Time series and state space model with generalized extreme value distributed marginals and α-stable distributed errors

Abstract

This thesis is mainly focused on the estimation and filtering of extreme events time series and models with generalized extreme value distributed marginals and the multiplicative errors from α-stable distribution. First a non-linear time series with Fréchet distributed marginals and α-stable distributed errors is considered. To estimate the stability parameter, three recursive procedures are proposed. The first is based on the Hill estimation, the second is a modified Fan’s estimation that uses the property of the α-stable distribution, and the last is an application of Kantorovich-Wasserstain metric. For the state space model with generalized extreme value distributed marginals and α-stable distributed errors, the estimation is more complex, especially when the stability parameters are small.

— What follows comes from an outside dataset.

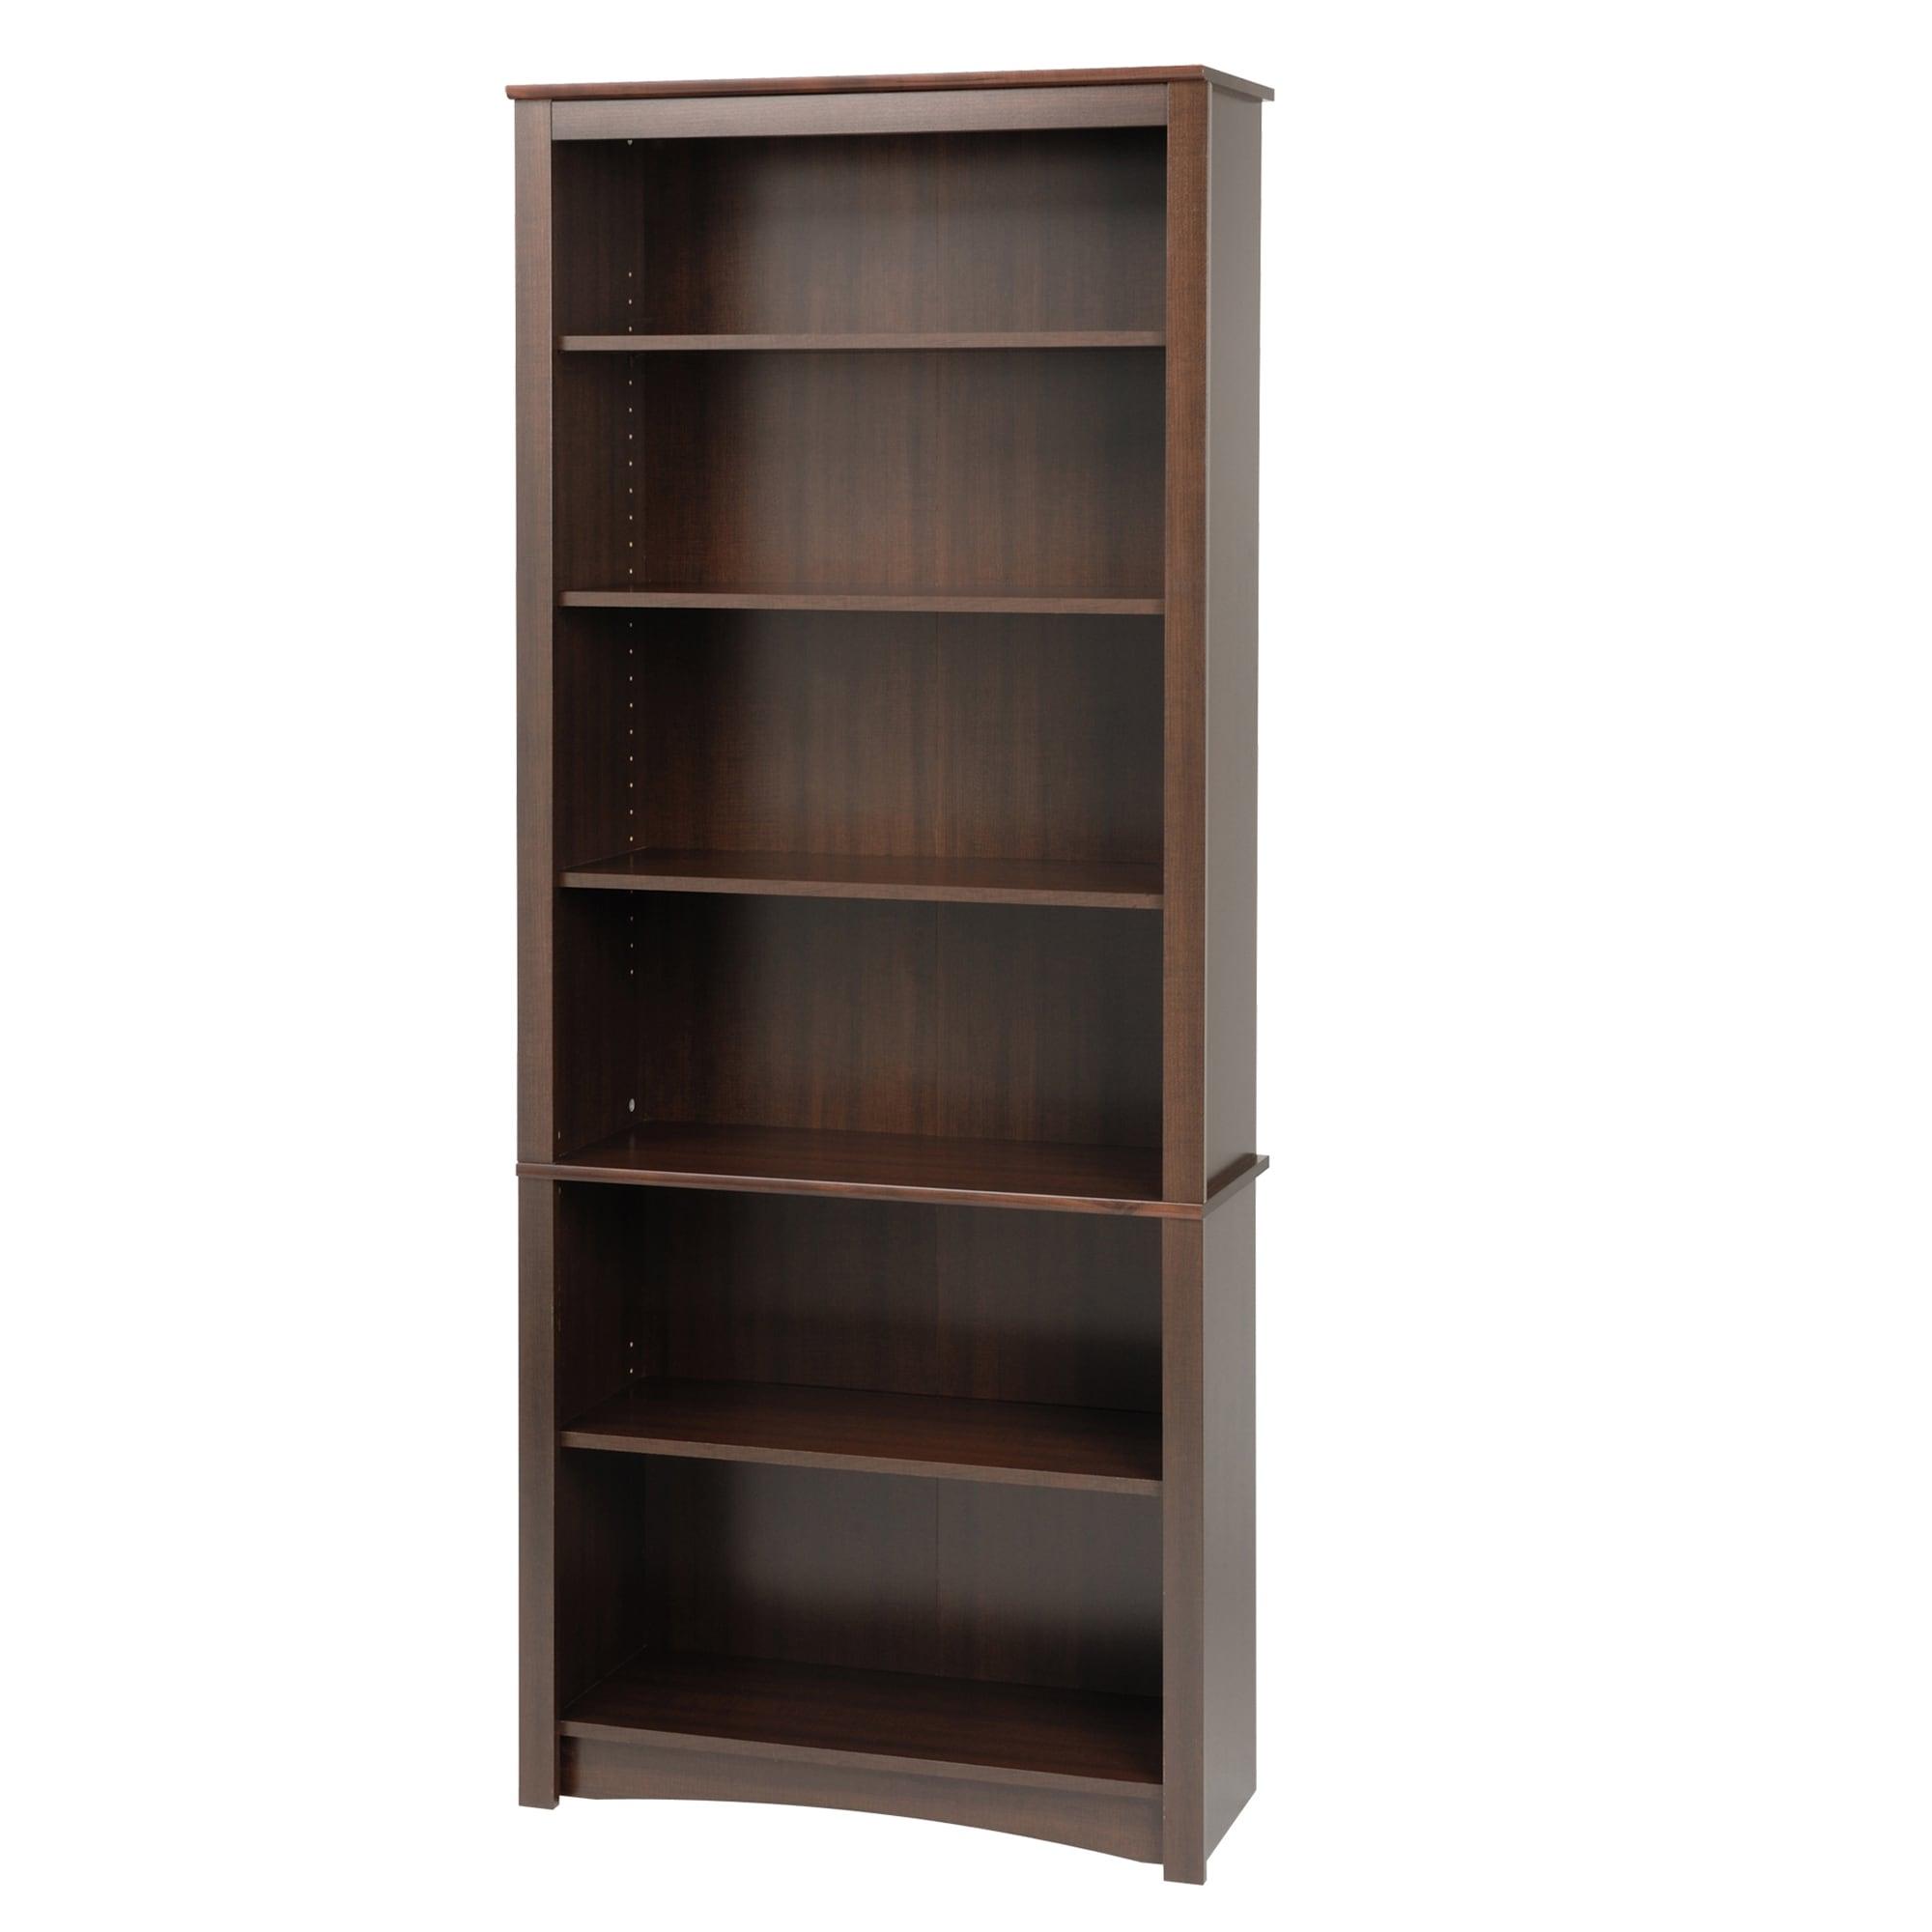 unit id shelf bookcase storage cubby

In the model with Gumbel distributed marginals, if one of the stability parameter is known, a procedure that generates an ensemble from the known error distribution by Monte Carlo followed by estimation is proposed. For a model with generalized extreme value distributed marginals and unknown stability parameters, first a recursive regression estimation is applied to obtain the generalized extreme valued parameters, then the Yule-Walker estimation or generalized least square regression model is used to estimate the stability parameters. Regarding filtering, the estimation of unobserved states and their empirical conditional densities are our interests. The estimation of states is obtained numerically via Monte Carlo, based on the model structure. This procedure outperforms Kalman filter. As to the empirical conditional density, sequential importance sampling with different importance functions, particle filter with discrete sample space, auxiliary particle filter and plain linearization are used and compared. The asymptotic properties and rates of convergence of the proposed estimations are studied analytically and through simulation. The methods and procedures developed in this thesis have been applied to analyze the air pollution data in New York city.